In Egypt there's ربنا يخلليك - ربنا يبارك لك - ربنا يكرمك .....


----------



## Mery_Dian

cherine said:
			
		

> In Egypt there's ربنا يخلليك - ربنا يبارك لك - ربنا يكرمك .....



الله ينوّر عليـك ​
_(yet another equivalent expression in Egyptian colloquial)_


----------



## cherine

we use it a lot, but not as a "thank you", it's more of a "well done".


----------



## Mery_Dian

Yes, sorry, my mistake... Now, it would be more relevant to tell you الله ينوّر عليـك


----------



## linguist786

Thanks for all the interesting posts people.

The thing is - I was trying to ask what the point of adding a "u" to "Jazaakallah" was - ON ITS OWN. I myself also say "Jazaakallah*u* khayr" - but that's only if I _do_ add the word "khayr(an)". If I just say "Jazaakallah" on it's own, then I don't add a "u".



What about you guys? Do you add a "u" even if you say "Jazaakallah" _on it's_ _own_?


----------



## elroy

I don't think I would say it on its own (جزاك الله خيرًا is a fixed expression), but if I _did_, I would indeed drop the "u".


----------



## LiliaGaripovaRadikovna

جزاك - is it a verb? Or a noun? Is it verb جزا? Meaning "to become satisfied" ?


----------



## cherine

It is a verb, and it means to reward. The ك (you) is the object of the verb مفعول به أول (this verb has 2 object, the second one is خيرًا).


----------



## LiliaGaripovaRadikovna

@cherine thank you very much) and verb جزا here is used in past form in meaning "God reward you", God reward you - in present in English?


----------



## cherine

Yes, the past tense is used here with the meaning of a wish or a prayer: I hope God rewards you, or: May God reward you.


----------



## LiliaGaripovaRadikovna

@cherine, the last question,  which one is correct جزأ/جزا/جزى?


----------



## spice harvester

It's جز followed by alif maqsoora. This alif maqsoora changes into a normal alif when not at the end of a word, as in جزاك الله خيرا. Otherwise, it would have been جزى.

Here's an example from the hadith:
‬وأنتم معشرَ الأنصار،‮ ‬فجزاكم الله أطيب الجزاء


----------



## LiliaGaripovaRadikovna

Thank you very much) In my dictionary is wrtten that this verb is used in this meaning with preposition ب, but here is no, just خيرا, why?


----------



## zj73

Is it possible for the last word to be mafool mutlaq?


----------



## bearded

cherine said:


> 2 objects, the second one is خيرًا


Oh, interesting. I had thought that خيرًا was an adverb - same meaning as 'bi-chayr' -  (reward you 'well').

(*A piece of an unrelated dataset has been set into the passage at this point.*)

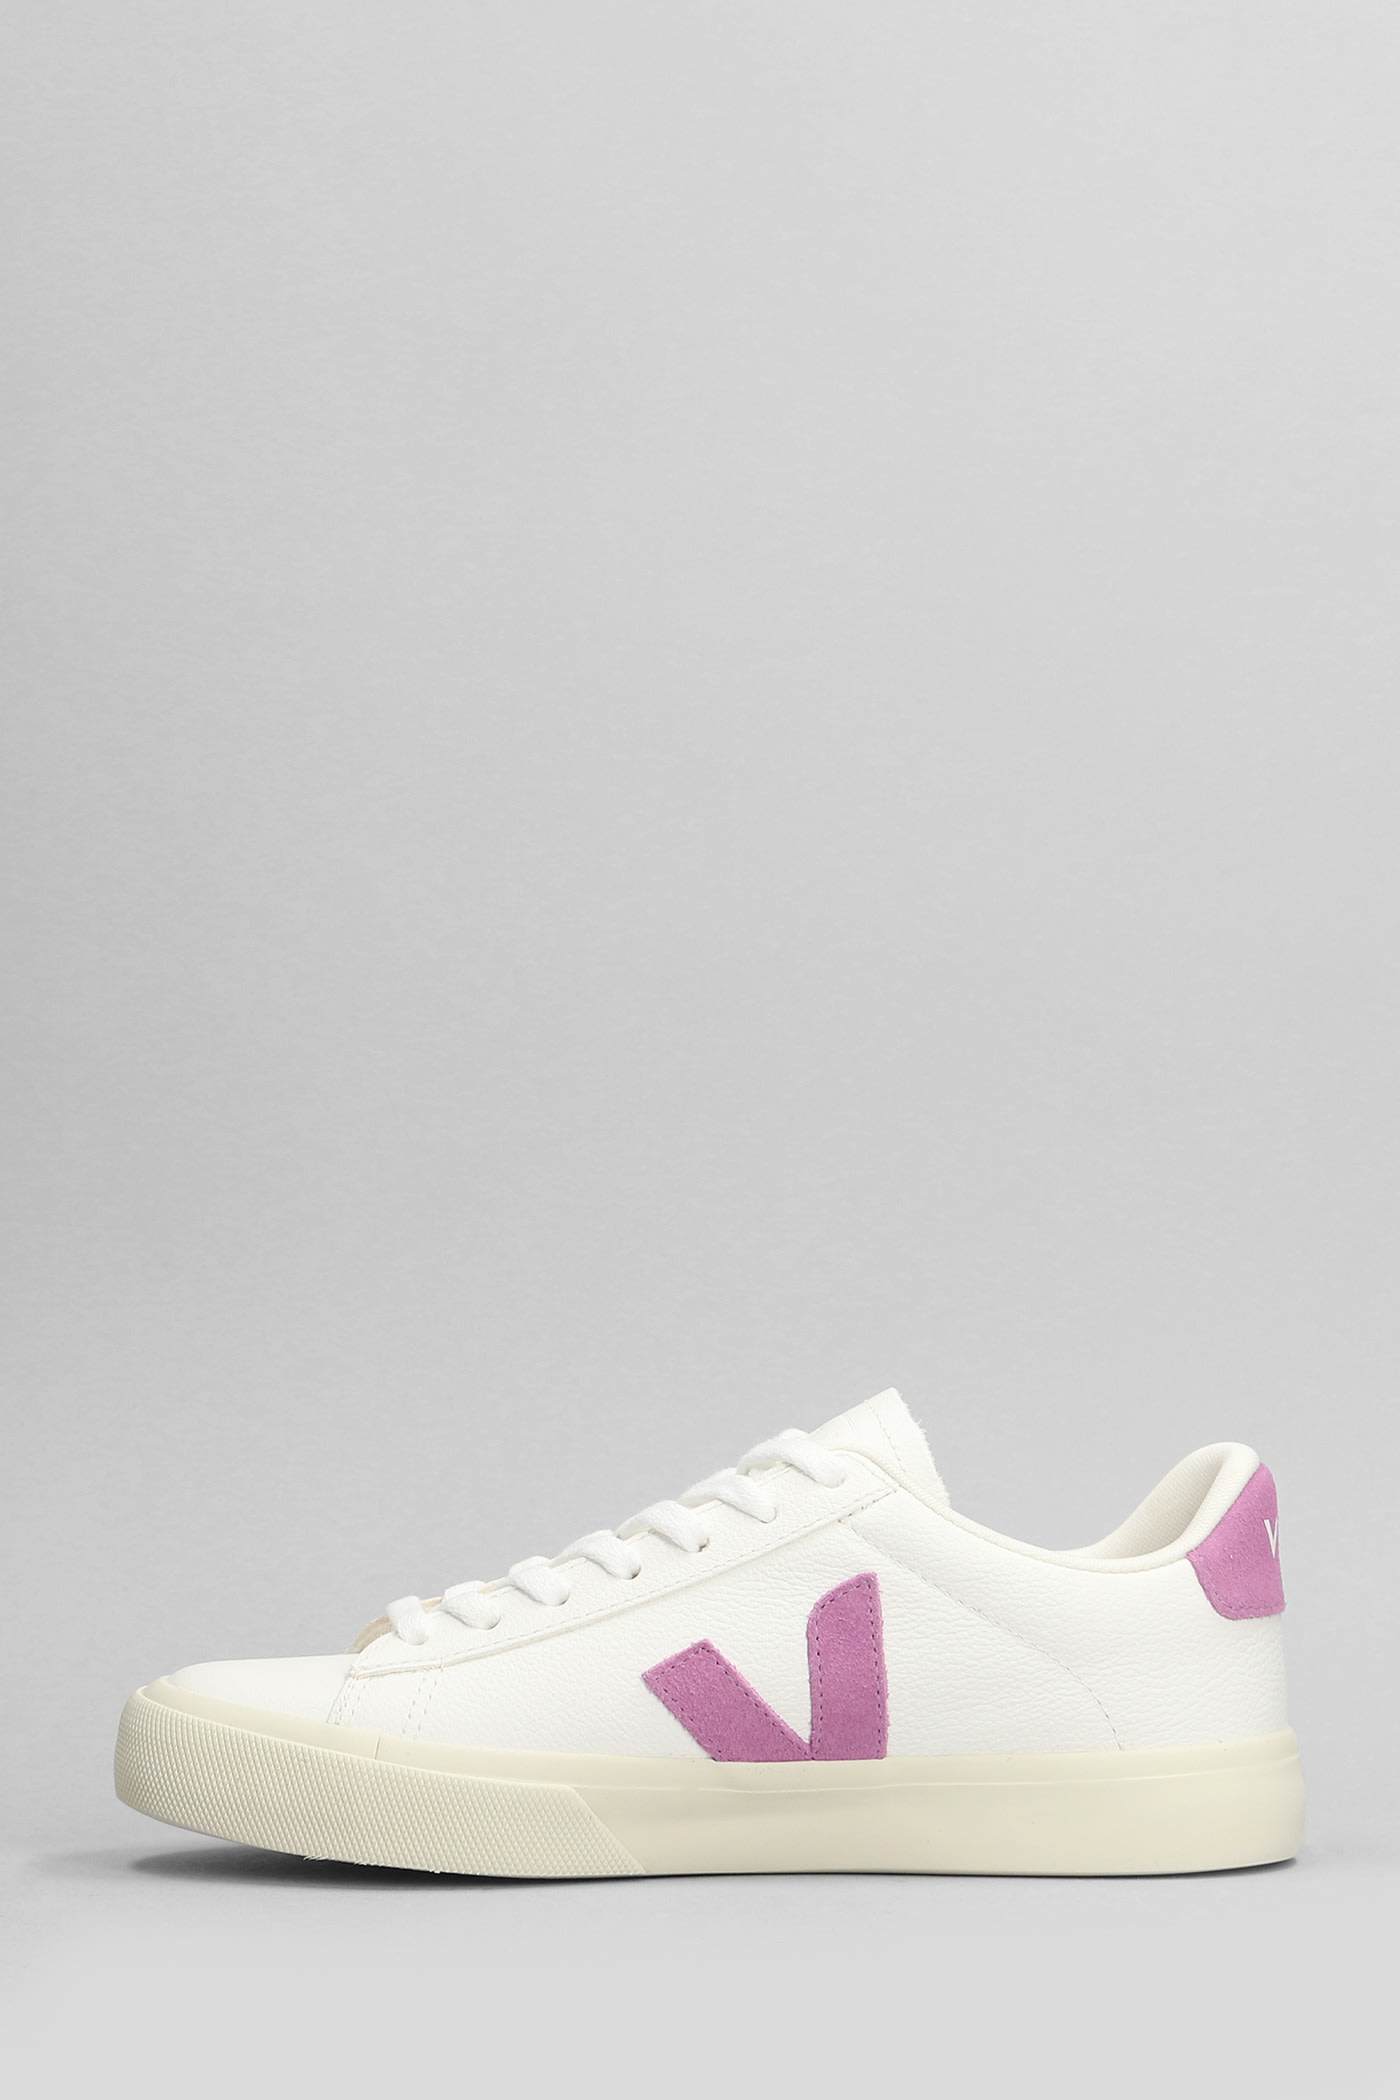 Shop Veja Campo Sneakers In White Leather

But if it's an object, would it mean ''reward you for the good you did''?


----------



## Mahaodeh

LiliaGaripovaRadikovna said:


> Thank you very much) In my dictionary is wrtten that this verb is used in this meaning with preposition ب, but here is no, just خيرا, why?


The باء is optional, so is على. In Classical Arabic it does not replace المفعول به الثاني, it is used to denote what the reward is for, not who it is for (المفعول الأول) nor what it is (المفعول الثاني). For example:
وَجَزَاهُم بِمَا صَبَرُوا جَنَّةً وَحَرِيرًا - سورة الإنسان

Admittedly though, in many dialects the باء + الاسم المجرور replace المفعول به الثاني, and this sometimes affects how the native speakers use MSA, so you might find it used in both ways in MSA.



zj73 said:


> Is it possible for the last word to be mafool mutlaq?


No. It does not fit the definition of المفعول المطلق as خيرا does not emphasize the verb nor express its intensity, type, or number.

 It does however fit the definition of المفعول به. It is the thing that was given as reward.


bearded said:


> Oh, interesting. I had thought that خيرًا was an adverb - like 'bi-chayr' - (reward you 'well'). But if it's an object, would it mean ''reward you for the good you did''


No. Good here is neither adverbial nor an adjective, it’s a noun meaning affluence, favour from God, wealth, fortune…etc. As an object it would refer to what you are rewarded with: may God reward you with خير.


----------



## bearded

Mahaodeh said:


> No. Good here is neither adverbial nor an adjective, it’s a noun meaning affluence, favour from God, wealth, fortune…etc. As an object it would refer to what you are rewarded with: may God reward you with خير.


Many thanks, Mahaodeh, for your very clear explanation.


----------



## Ali Smith

Could خيرا be taken to be the نعت of a مفعول مطلق محذوف?

جزاك الله جزاءً خيرًا


----------